ABSTRACT
Warfarin remains one of the most commonly prescribed drugs and a leading cause of emergency
hospitalizations. Warfarin use is especially common in medically underserved patients such as African
Americans (AAs) and Latinos, which is particularly concerning since AAs and Latinos suffer worse outcomes
due to suboptimal warfarin therapy. Thus AAs and Latinos can derive a distinct benefit from warfarin
pharmacogenomic (PGx) algorithms, which maximize safety and efficacy by predicting individualized warfarin
dose. However, currently available PGx algorithms have critical limitations, including a lack of generalizability to
non-white populations and a failure to account for 50 percent of variability in warfarin dose. Under-representation
in clinical studies, the propensity to cause adverse events, and a lack of consideration of admixed populations
in clinical PGx guidelines are all factors that contribute to limited utility of warfarin PGx algorithms in diverse
populations. Many potential sources of warfarin stable dose variability remain critically unexplored, including the
role of vitamin K biosynthesizing bacterial species, the influence of local ancestry at warfarin pharmacogenes,
and the potential for machine learning techniques to enable accurate warfarin dosing algorithms in diverse
populations. This proposal addresses the overarching hypothesis that warfarin stable dose prediction can be
improved by incorporation of gut microbiome data, measures of local ancestry, and machine learning in diverse
populations. We will pursue three Specific Aims (SAs) to test this hypothesis: (SA1) Determine the impact of
abundance of vitamin K biosynthesizing bacteria from the gut microbiome on warfarin stable dose and; (SA2)

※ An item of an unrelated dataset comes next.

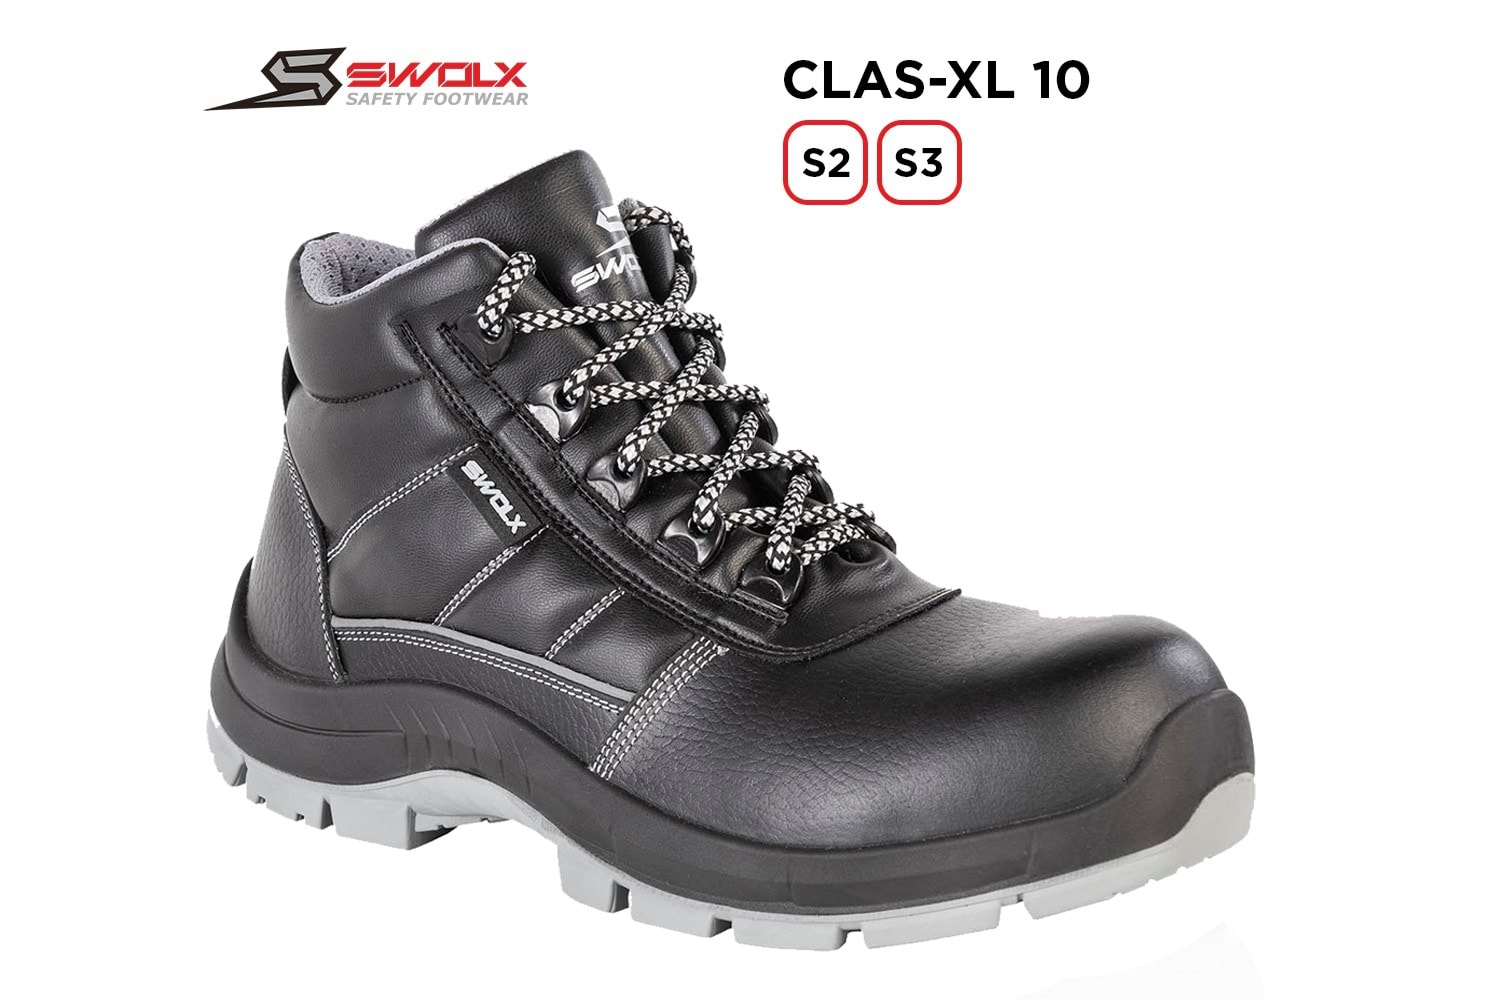 Swolx İş Ayakkabısı - Clas-Xl 10 S2 - 41

Determine the influence of local admixture on warfarin stable dose in admixed populations; (SA3) Optimize
warfarin PGx algorithms for diverse populations using machine learning. In SA#1, we will conduct a clinical study
with fecal sample collection at anticoagulation clinic visits and perform whole genome bacterial sequencing to
identify the effect of vitamin K biosynthesizing bacterial species on warfarin stable dose. In SA#2, we will estimate
African, European, and Native American local ancestry in warfarin pharmacogenes in a large, admixed
population (n=1194) and determine its effects on warfarin stable dose. In SA#3, a large, diverse population of
warfarin treated patients (n=7366) will be used to develop machine learning models and test improved prediction
of warfarin stable dose over existing linear regression models. Our studies overcome major limitations of
previous warfarin PGx studies by leveraging gut microbiome data, local ancestry, machine learning, and diverse,
admixed populations. The outcomes of this work will provide a framework for local ancestry investigation with
other PGx drug-gene pairs, enabling use of clinical PGx guidelines in admixed populations. This research has
the potential to identify new sources of variability in warfarin dose, improve the safety and efficacy of warfarin
treatment, and reduce disparities in PGx research for medically underserved patients.